Vakantieopbouw na twee jaar ziekte?

17 juli 2024

In een uitspraak van de Rechtbank Gelderland van 5 juni 2024 oordeelde de kantonrechter over de vraag of de werkgever nog niet-genoten vakantiedagen (die de werknemer had opgebouwd tijdens arbeidsongeschiktheid) moest uitbetalen aan de werknemer. Bijzonder was dat de werknemer niet alleen uitbetaling claimde van vakantiedagen over de eerste 104 weken van arbeidsongeschiktheid, maar ook van niet-genoten vakantiedagen over de periode nadat de loondoorbetalingsperiode van 104 weken was verstreken (tot het einde van het dienstverband).

Duidelijk is dat werknemers gedurende de eerste 104 weken van arbeidsongeschiktheid  – en als er een loonsanctie wordt opgelegd ook nog gedurende het loonsanctiejaar – gewoon vakantiedagen opbouwen. Tijdens arbeidsongeschiktheid kunnen werknemers in beginsel ook gewoon vakantiedagen opnemen, tenzij de werknemer volledig arbeidsongeschikt is en redelijkerwijs niet in staat is om vakantiedagen op te nemen. In sommige gevallen moet de werknemer ermee instemmen om vakantiedagen af te kunnen boeken tijdens arbeidsongeschiktheid.  Hierover schreven wij al eerder een blog.

In de wet (in artikel 7:634 BW) staat heel duidelijk dat de werknemer alleen vakantiedagen opbouwt over de arbeidsduur waarover recht op loon bestaat.

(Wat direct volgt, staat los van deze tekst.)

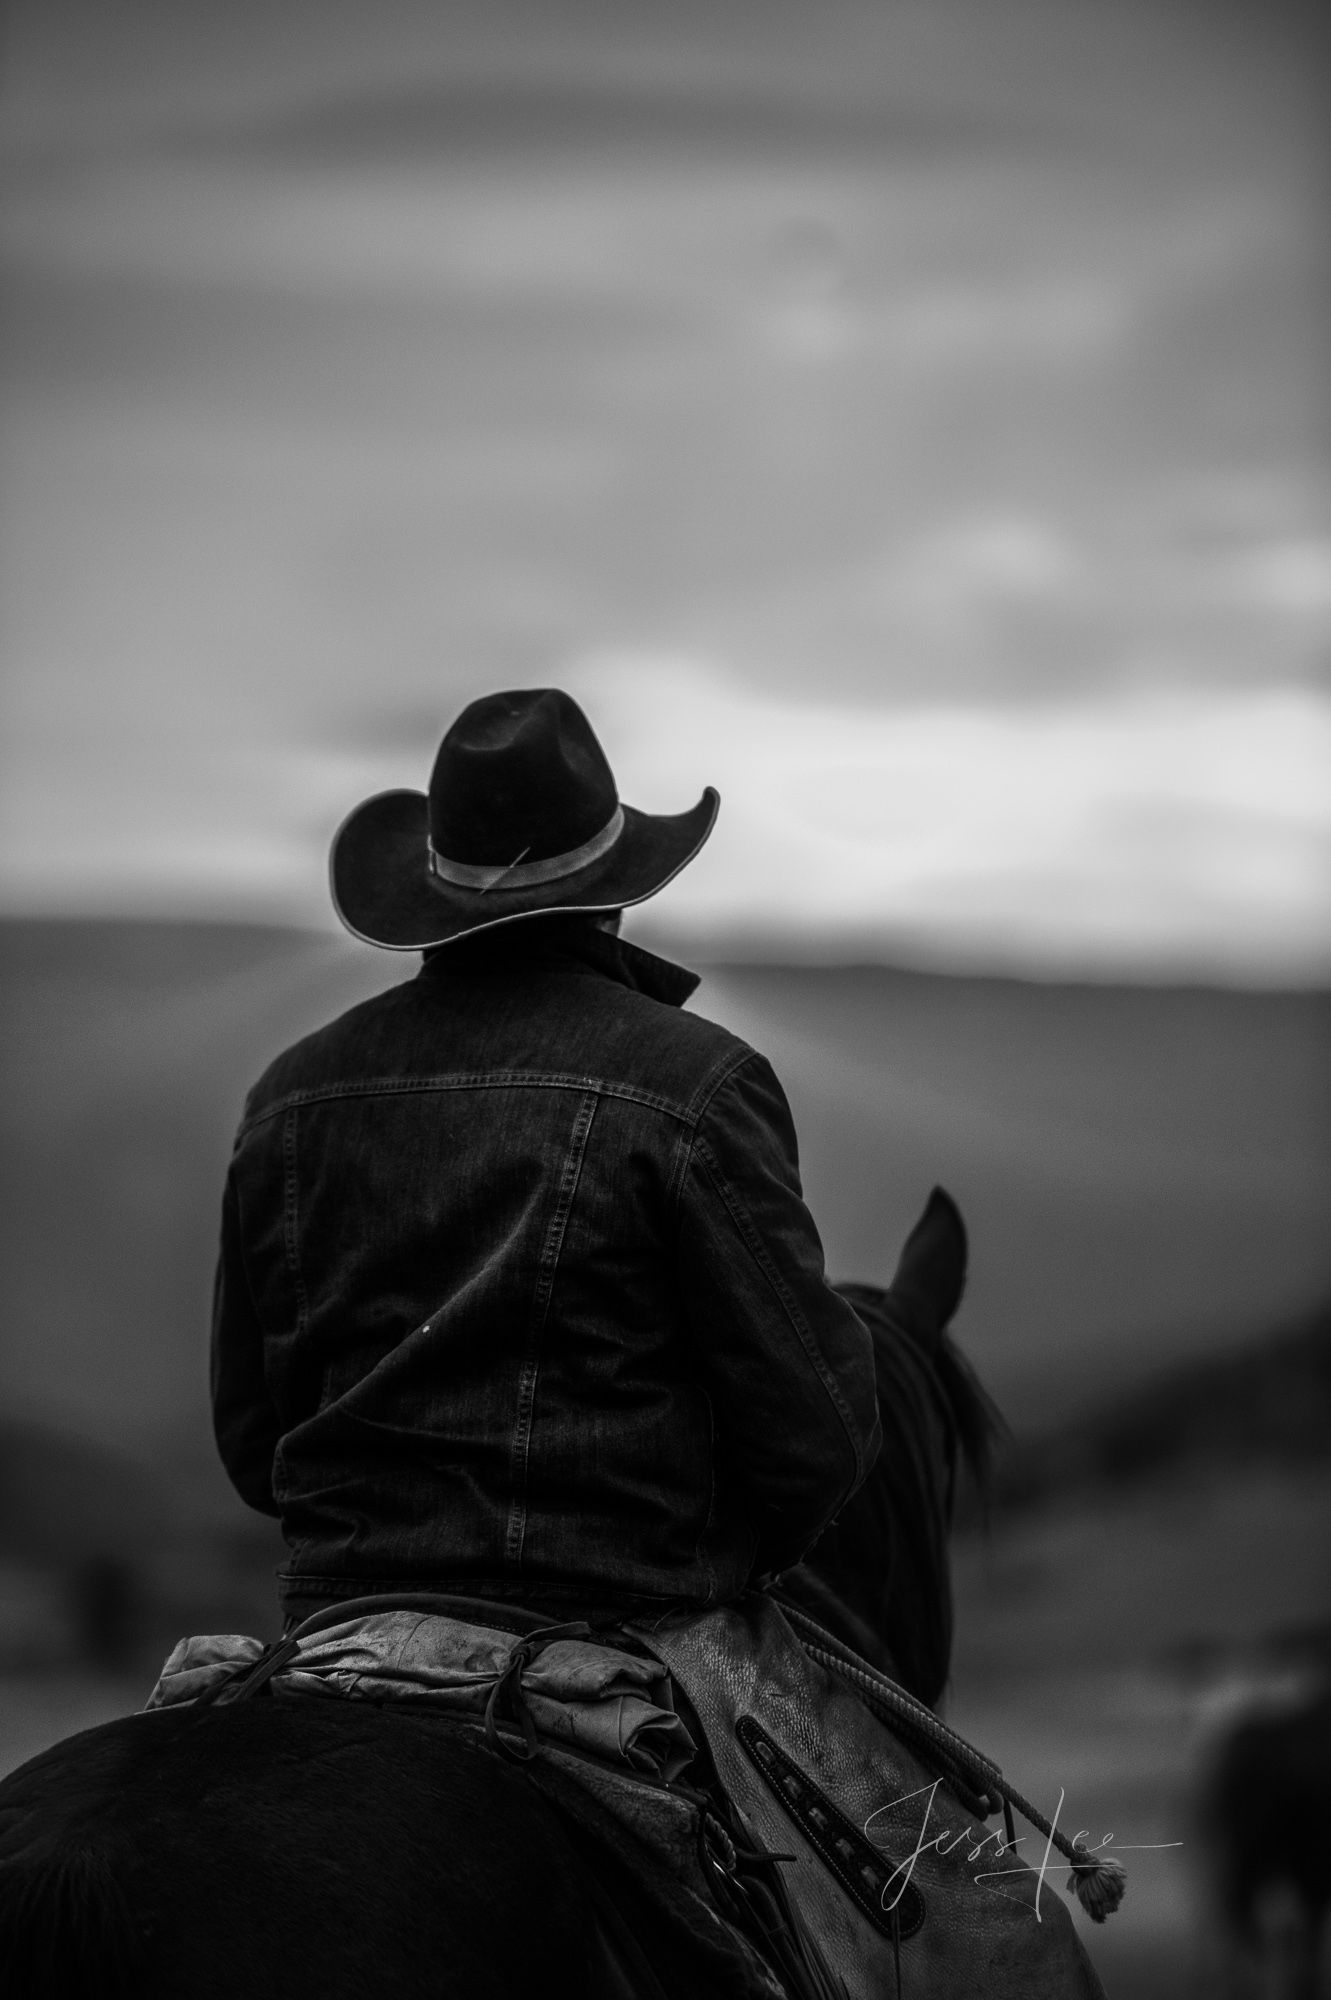 Fine Art Limited Edition Photo Prints of Cowboys, Horses, and life in the West. Sunrise Coming. A Cowboy picture in black and...

Vervolgens wordt er een aantal uitzonderingen genoemd (in artikel 7:635 BW) waarbij er wel vakantiedagen worden opgebouwd, ook al is er geen recht op loon. Bij die uitzonderingen staat niets over de periode nadat de loondoorbetalingsperiode is geëindigd tot einde dienstverband. Dat betekent dat als na 104 weken arbeidsongeschiktheid de loondoorbetalingsverplichting  van de werkgever is geëindigd, de werknemer niet langer vakantiedagen opbouwt. Er is dan immers geen recht meer op loon. Eindigt de loondoorbetalingsverplichting van de werkgever na 104 weken arbeidsongeschiktheid niet, omdat een loonsanctie wordt opgelegd, dan bouwt de werknemer nog wel vakantiedagen op.

Volgens de kantonrechter van de Rechtbank Gelderland is deze wettelijke bepaling (artikel 7:634 BW) echter in strijd met de Europese Richtlijn en de Europese rechtspraak. De Nederlandse rechter is verplicht om de Nederlandse wet zoveel mogelijk in lijn met de Europese richtlijnen uit te leggen, maar mag niet zover gaan dat de rechter in strijd met de wet oordeelt. Artikel 7:634 BW en artikel 7:635 BW bieden geen ruimte om de wet richtlijnconform uit te leggen, dus de kantonrechter heeft de vordering van de werknemer tot betaling van tijdens het derde ziektejaar opgebouwde vakantiedagen, afgewezen. Hier ligt een taak voor de wetgever, aldus de kantonrechter.

Vooralsnog bouwt een werknemer dus geen vakantiedagen meer op als er na het verstrijken van de  loondoorbetalingsperiode van 104 weken geen recht meer bestaat op loon. Niet uitgesloten is dat de wetgever dit signaal zal oppakken en de wet op termijn zal aanpassen.  Werknemers zouden mogelijk de staat aansprakelijk kunnen stellen en een schadevergoeding kunnen vorderen als de wetgeving in strijd is met de Europese Richtlijn.

ULTEAMe tip!

Tijdens de re-integratie wordt vakantie nogal eens vergeten. Bespreek ook met een zieke werknemer of en zo ja, wanneer de werknemer vakantie geniet en zorg ook dat dit wordt vastgelegd. Zo zorg je voor duidelijkheid en voorkom je discussies over het aantal vakantiedagen dat nog moet worden uitbetaald op het moment dat de arbeidsovereenkomst (wegens langdurige arbeidsongeschiktheid) eindigt.